My understanding of the Defendants' defence is based on section 26 (1) of the Constitution is that its high watermark is that the property is residential in character and that their family resides with them. As demonstrated above this falls short of making out a case based on section 26 (1). There is no allegation that there was an abuse of the Court procedure by the Plaintiff. Accordingly the sale in execution should be permitted in the ordinary course. We gather from the record that suitable replacement accommodation will costs at least between R4 000.00 and R5 000.00. The Defendants can afford (it would appear) the reduced monthly instalment (in terms of the restructuring order that terminated) of R5 472.66. It would thus appear that the Defendants are in the financial position to acquire alternative housing. Section 26 (1) only provides that a person has the right to "adequate" housing and not housing of the same luxury. It remains for the Defendants to show that orders for execution would infringe on section 26 (1) and the Plaintiff is not called upon to justify the grounds for such an order. In my view the Defendants failed dismally to raise a defence in terms of section 26 (1) of the constitution.
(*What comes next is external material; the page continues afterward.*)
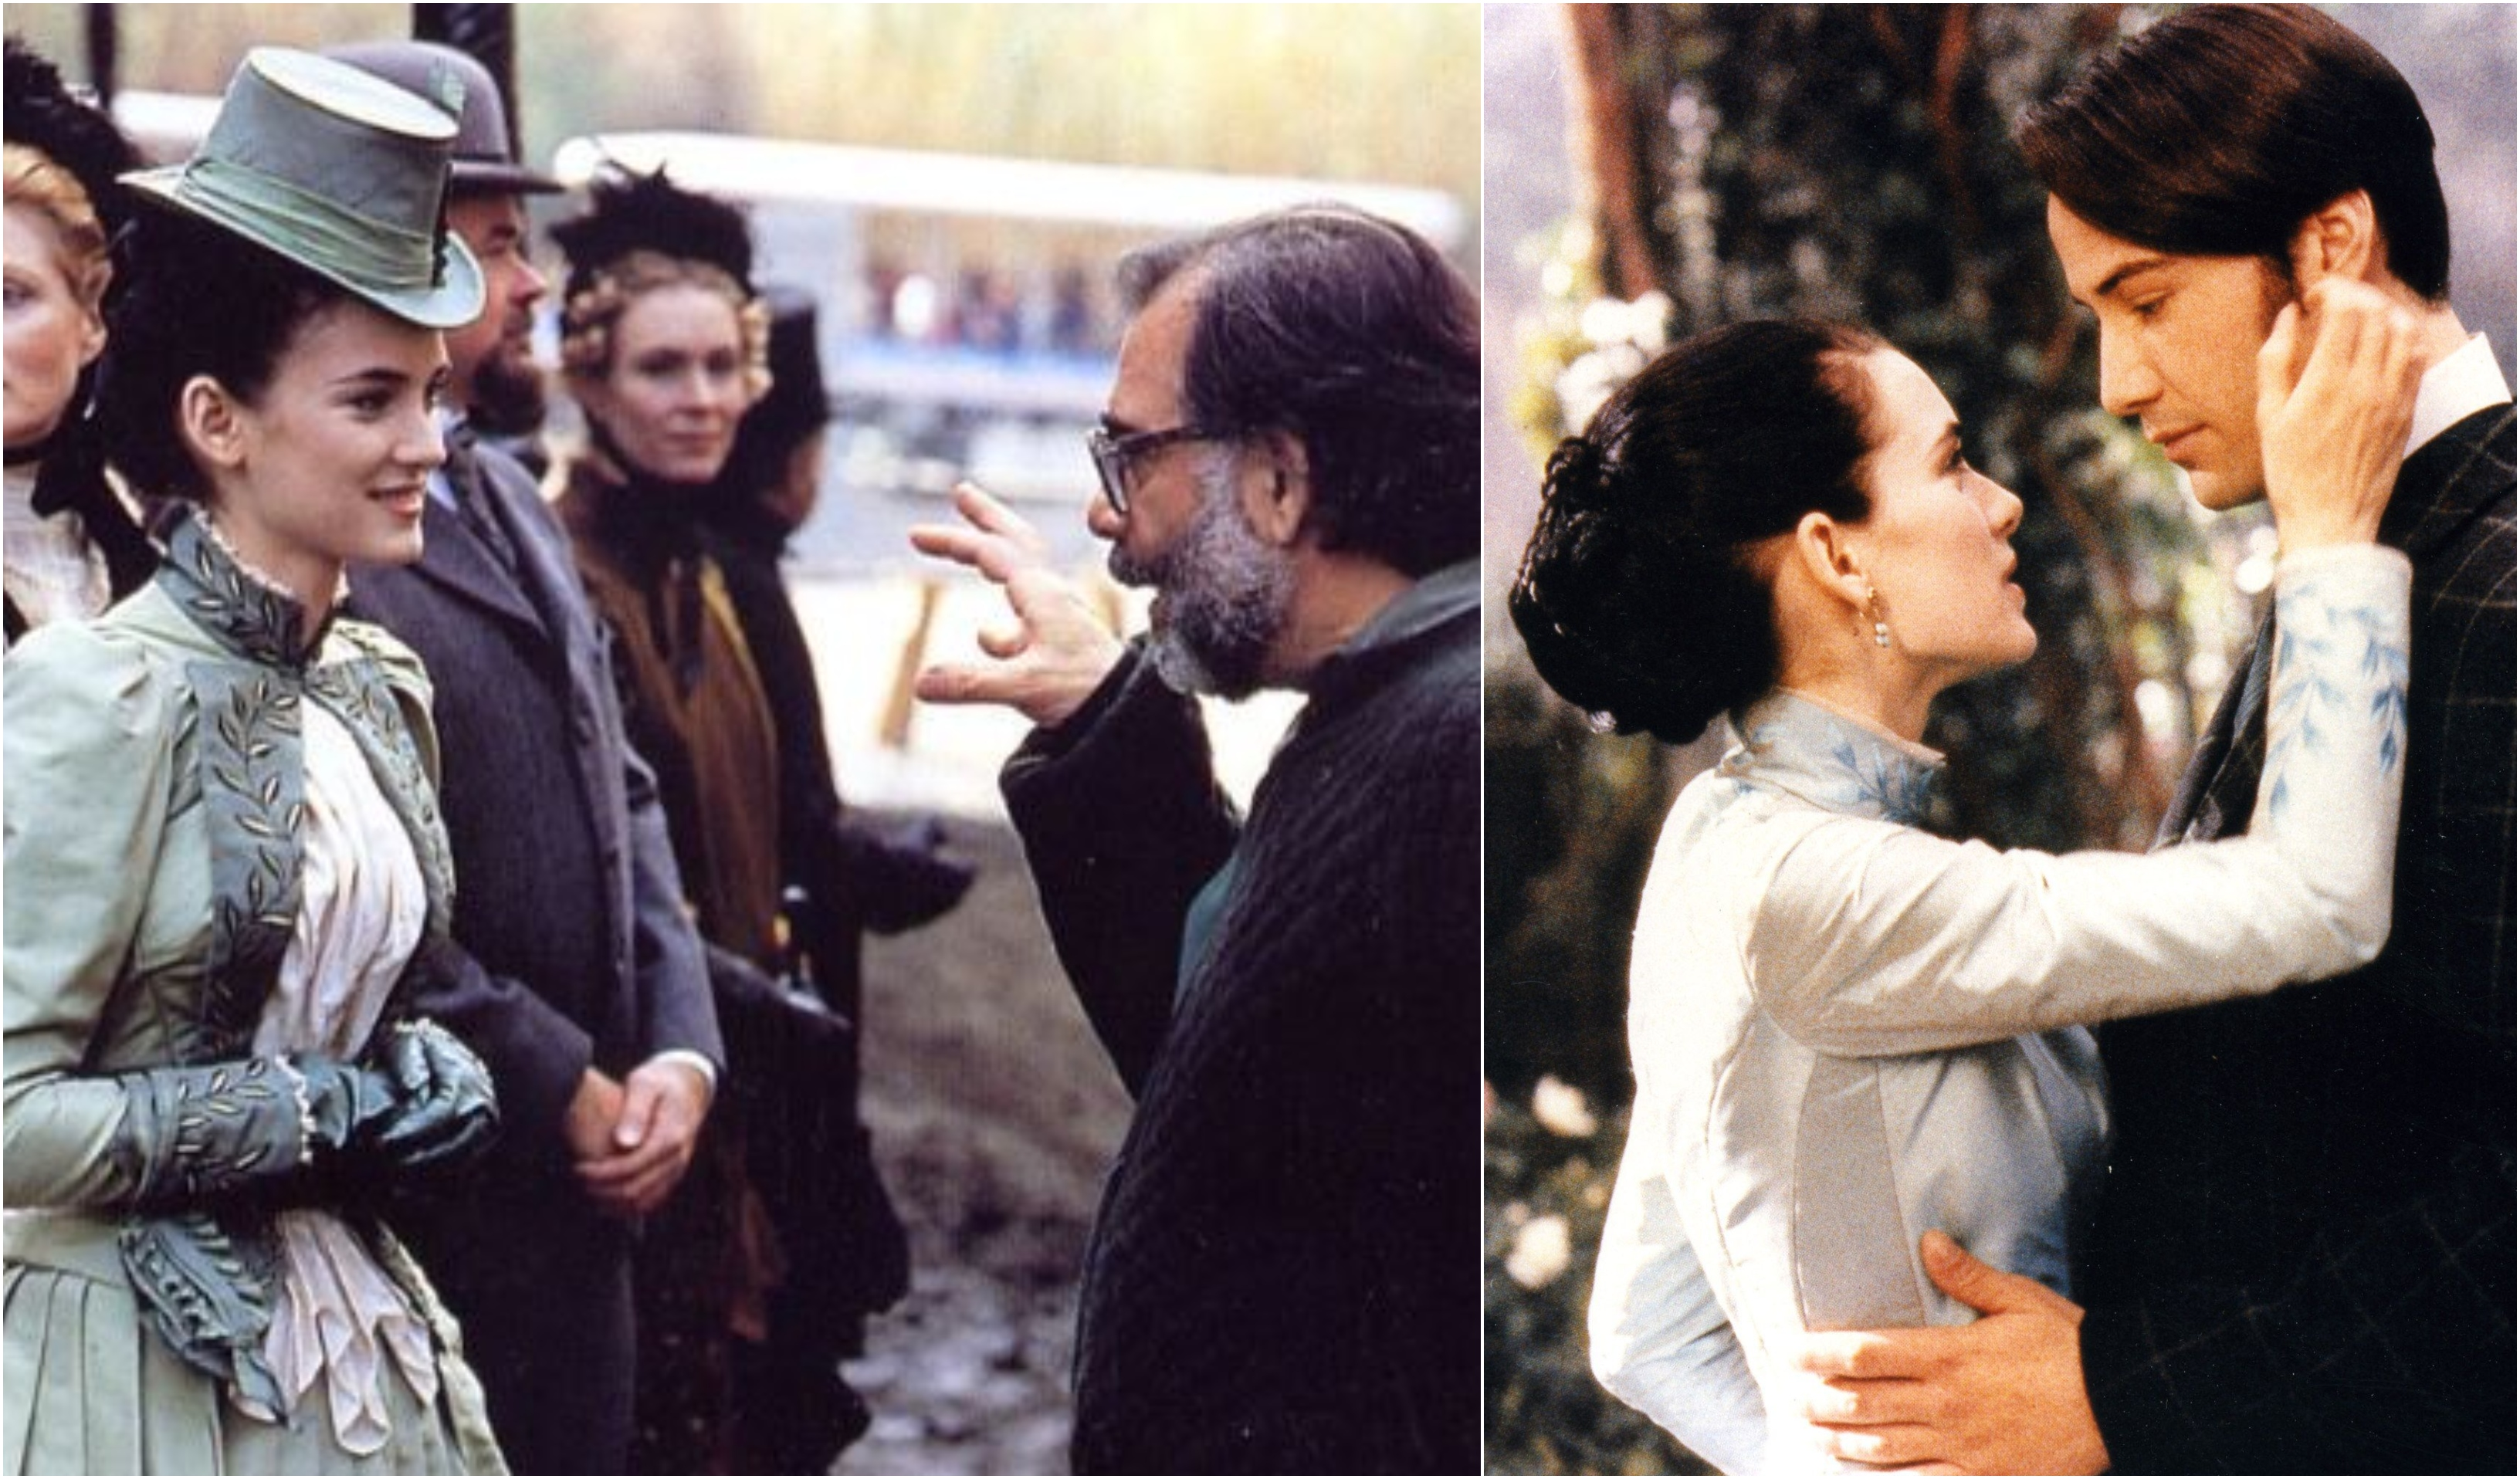 Dracula, Coppola urlava 'putt**a' a Winona Ryder per farla piangere, Reeves e Hopkins si rifiutarono
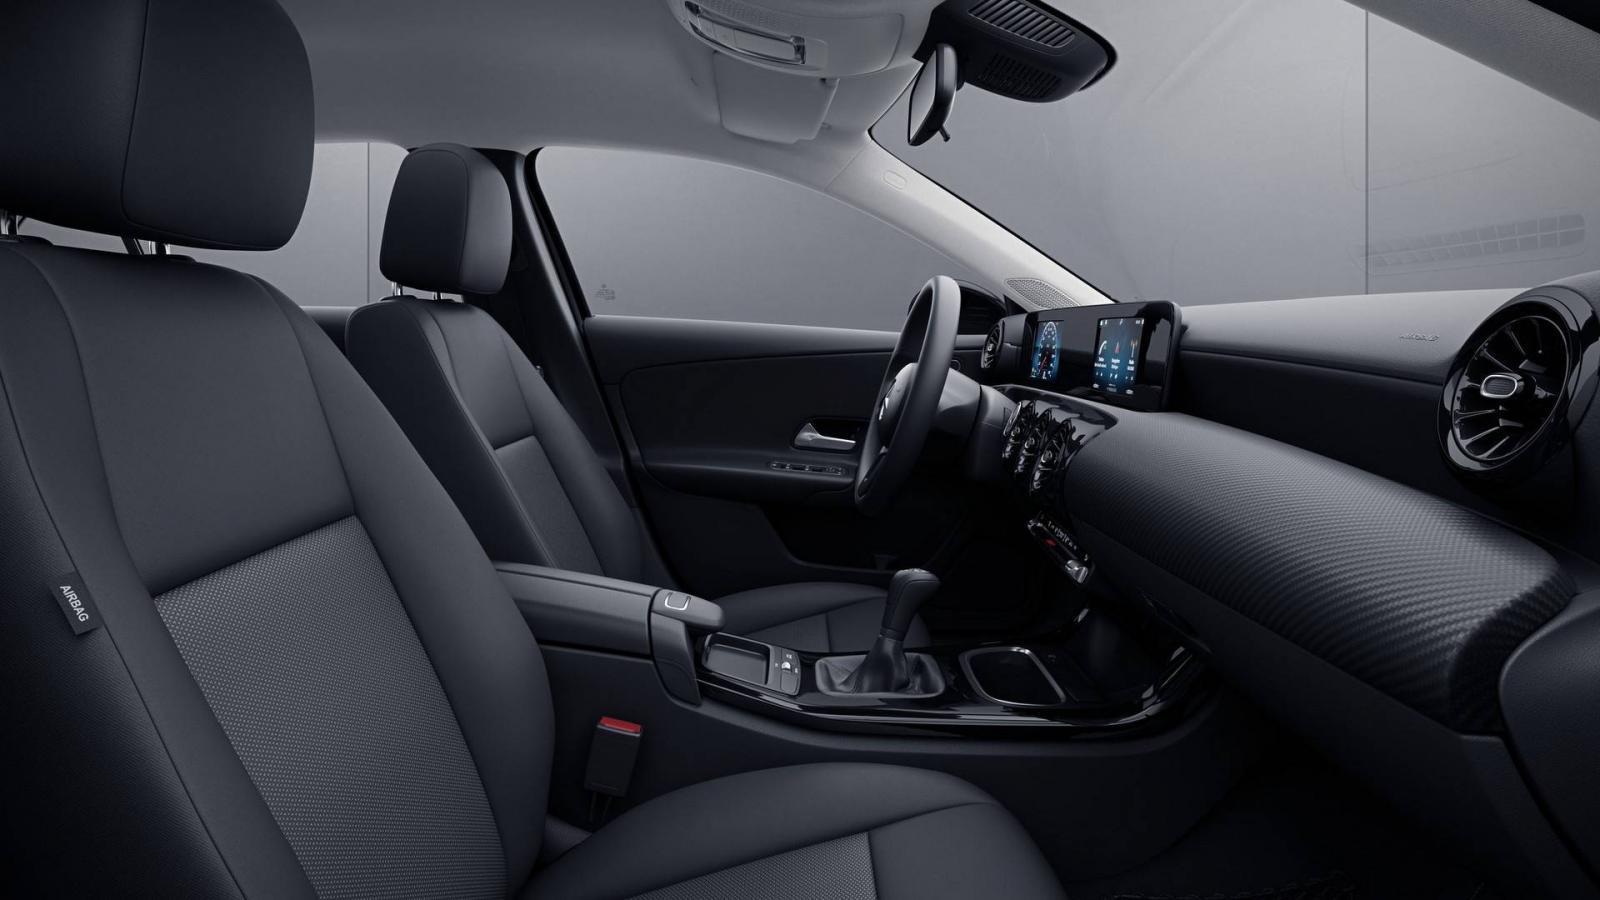 Компания Мерседес-Бенс объявила оприёме предзаказов нановый хэтчбек A-Class

There is therefore no bona fide defence envisaged in Rule 32 (3) and there are no triable issues raised.


ORDER

[8] In the circumstances I make the following order:

(a) Summary judgment is hereby granted against the two Respondents/Defendants for:

(i) Payment in the amount of eight hundred and six
thousand two hundred and sixty four rand and eighty eight cents (R806 264.88);

(ii) Payment of interest on the above sum of money at the
rate of 7.6% per annum, calculated daily and compounded monthly from 10 July 2011 to date of payment, both days inclusive;

(b) An order is hereby made in terms whereof Erf 6594 Kraaifontein situated in the city of Cape Town, Paarl Division, Province of the Western Cape in extent of 496m2, held by virtue of Deed of Transfer T80812/2001 is declared executable.

(c) An order is hereby granted in terms of which the Defendants are ordered to pay costs hereof on the scale as between Attorney and client.